Повернувшись, Доннаси выкрикнула имя, и к ним подбежал воин. Она поинтересовалась, не видел ли он, как был одет Малтен. Вопрос разведчика явно озадачил.

— Ну, как может быть одет благородный человек? Во все чистое, все с иголочки. И люди его тоже. — Еще больше он растерялся, когда увидел, как после его слов сидевшие покачали головами, мрачно переглянувшись. Когда Тейт отпустила его, воин с облегчением убежал прочь.

Послышался голос Гэна:

— Мы едва не поймали их, когда они переодевались в эту ветошь. Так что их побег — сплошное вранье. Но почему местные жители покинули свои дома? Почему они думают, что здесь будет битва?

Он повернулся к Эмсо.

— Обыщи все вокруг. Где армия короля? Я хочу знать, что творится на всех направлениях на расстоянии, которые войска способны пройти за один день.

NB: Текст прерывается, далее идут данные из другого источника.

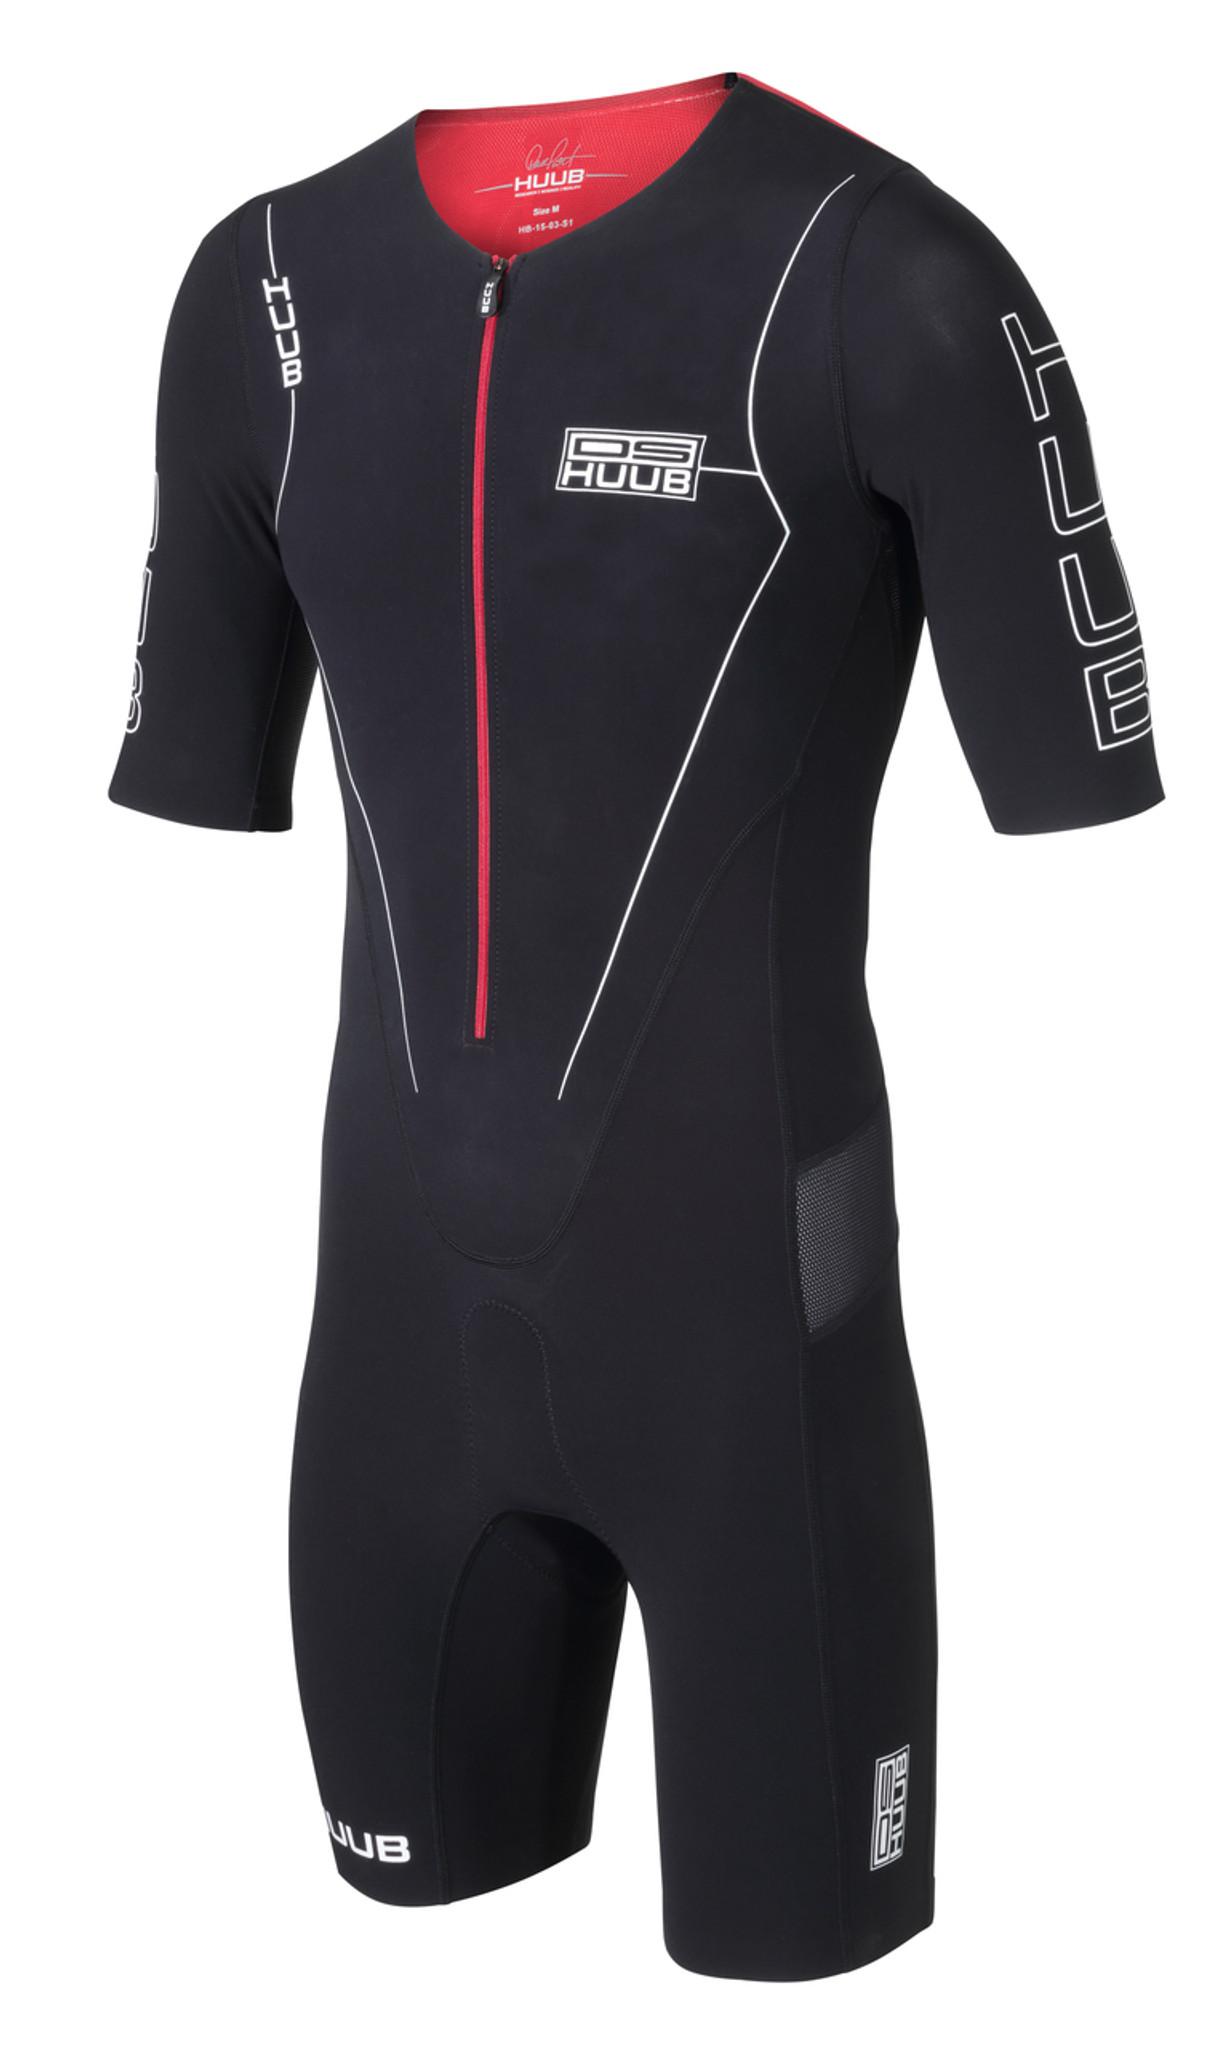 8394f6635 HUUB - Dave Scott Long Course Triathlon Suit - Black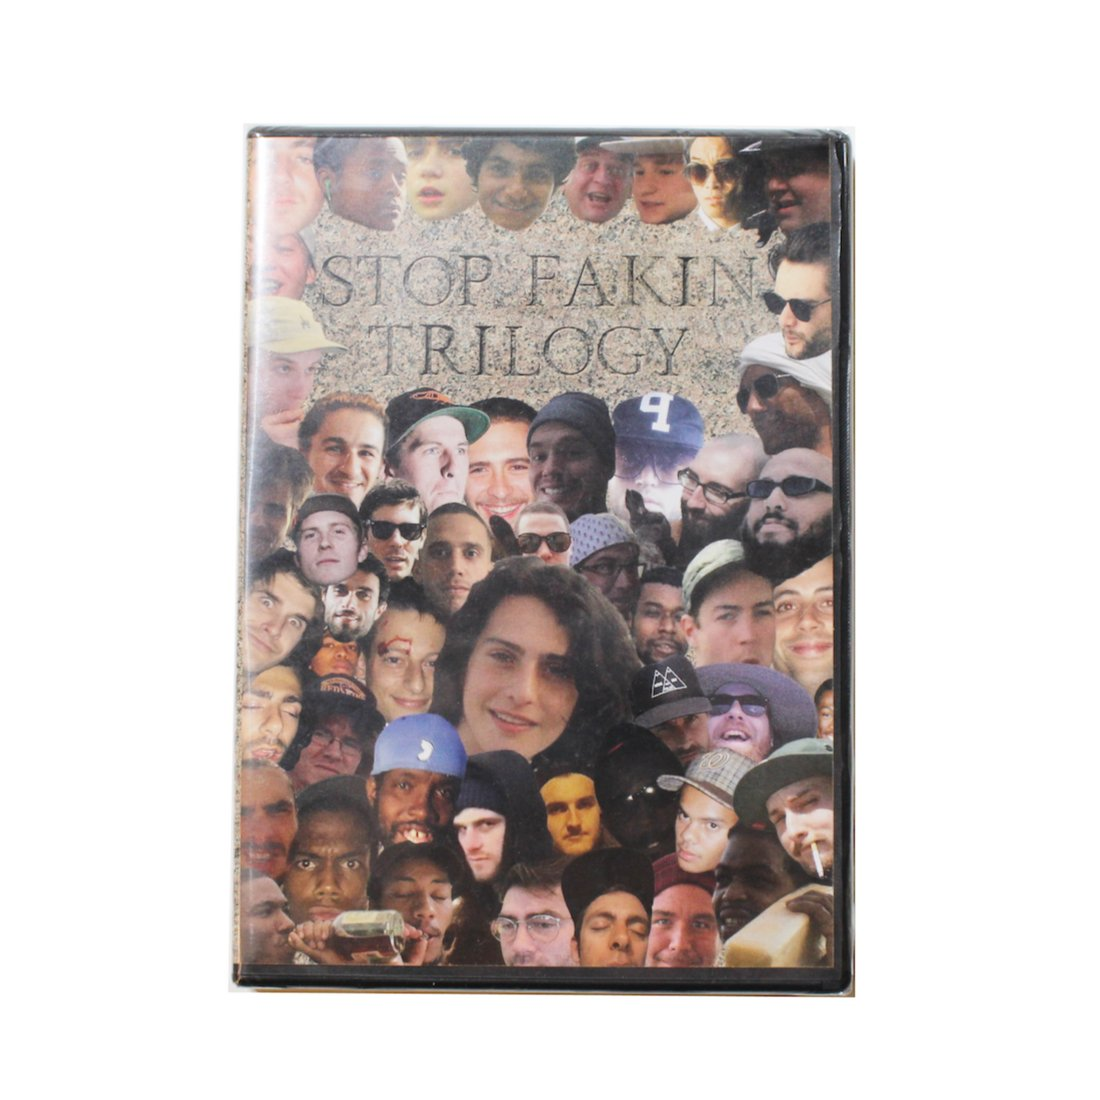 【STOP FAKIN TRILOGY】- DVD

Обветренное лицо Эмсо прорезали суровые складки.

— При такой разведке ты до нашего возвращения останешься здесь почти без кавалерии, Мурдат.

— Знаю, но у нас нет выбора. Мы здесь как слепые, а нас обкладывают со всех сторон. Или мы о них все узнаем, или они нас разобьют. Разыщи их, Эмсо. Верни мне зрение.

Старый воин тяжело распрямился и, упираясь руками в колени, стал подниматься. Рот его искривила грустная ухмылка.

— Я найду их, но вряд ли они удовлетворятся тем, что на них просто посмотрят. Думаю, что, пока этот танец не закончился, кто-то должен кого-то поцеловать.

— Ну вот, ты и подберешь нам девочек получше, хорошо? — сказал Клас.

— Ну погоди, передам я твои слова Сайле! — пригрозила Тейт.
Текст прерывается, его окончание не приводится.